Um mehr Fachkräfte generieren zu können, müssen aber in einigen Branchen mehr Betriebe von der Lehrlingsausbildung überzeugt werden. Wie wollen Sie das schaffen?
Indem Unternehmen, die Lernende ausbilden, entlastet werden. Darum prüfen wir zurzeit intensiv die Einführung eines Berufsbildungsfonds, wie er im Kanton Zürich bereits existiert. Da würden IT-Firmen, die nicht ausbilden, ebenfalls einen Obolus an die Berufsbildung leisten. Damit könnten auch internationale Unternehmen, die in den Kanton Luzern ziehen, stärker eingebunden werden.
Welche Massnahmen schweben Ihnen sonst noch vor?
Wir wollen zielstrebig, auch in der KMU-Wirtschaft, möglichst frauen- und familienfreundliche Strukturen fördern. In vielen Unternehmen sind die Chefetagen immer noch männerdominiert, auch im mittleren Kader sind Frauen eher selten. Darum setzen wir uns für zahlbare Kita-Lösungen und Tagesstrukturen ein. Und wir wollen die Unternehmen für mehr Teilzeitpensen und flexiblere Arbeitszeiten sensibilisieren.
Ein weiteres Augenmerk gilt den über 55-jährigen Arbeitnehmenden. Was schwebt Ihnen hier vor?
Bei vielen 50+-Arbeitnehmenden liegt die Schulzeit lange zurück. Deshalb müssen wir alles unternehmen, um sie für die digitale Arbeitswelt von morgen fit zu machen. Wir engagieren und deshalb aktiv im Programm «Schulung der Grundkompetenzen», wie es der Kanton Luzern seit kurzem gestartet hat. Mit Mitteln aus dem vorhin erwähnten Berufsbildungsfonds könnten zusätzliche Kurse und Umschulungen finanziert werden.
Wie sieht der Fahrplan für die Umsetzung Ihres Massnahmenkatalogs aus?
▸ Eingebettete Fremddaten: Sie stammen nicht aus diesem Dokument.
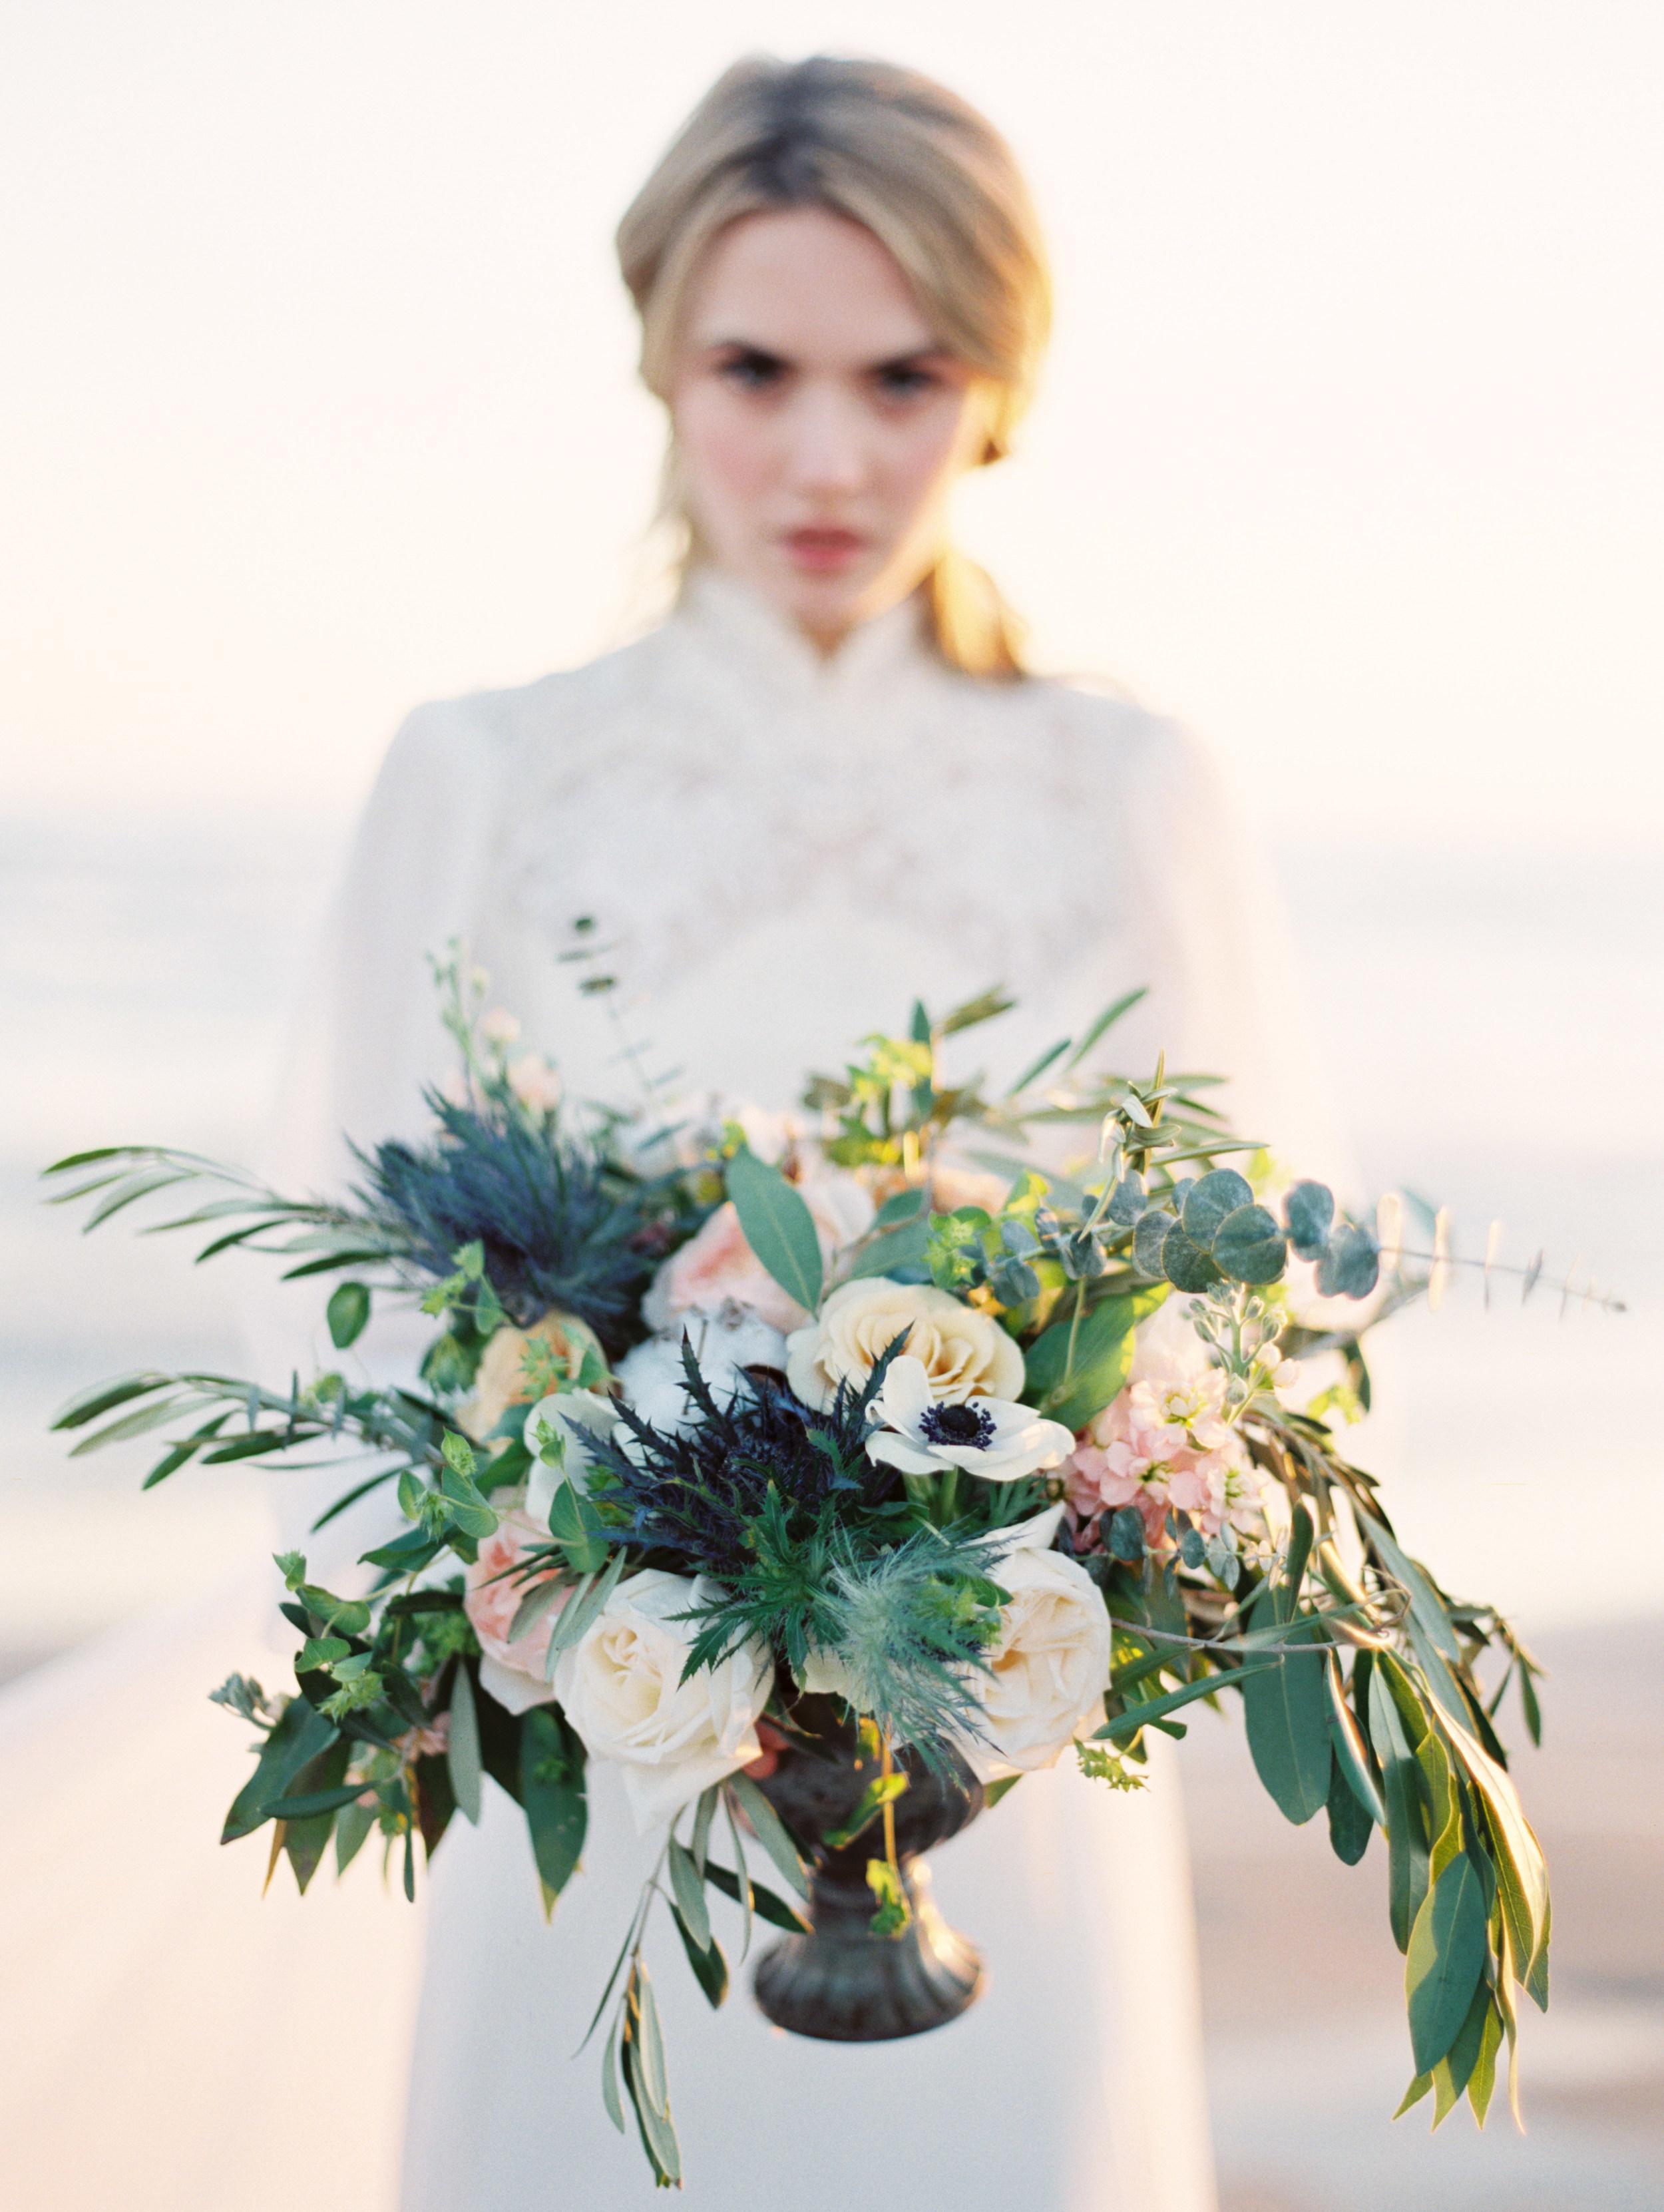 Kyle John l Fine Art Wedding Photography l Chicago, Copenhagen, California, New York, Destination l Blog l Sea and Sand_12

Die Massnahmen werden – im Sinne einer rollenden Planung – über mehrere Jahre hinweg umgesetzt. Dabei werden wir den Fahrplan zusammen mit der Präsidentenkonferenz der Berufs- und Branchenverbände alle sechs Monate überprüfen. Einige Massnahmen können wir aus eigener Kraft vorantreiben, bei anderen gibt es Schnittstellen zum Kanton und diversen Institutionen. Die Gespräche mit den jeweiligen Verantwortlichen sind bisher vielversprechend verlaufen.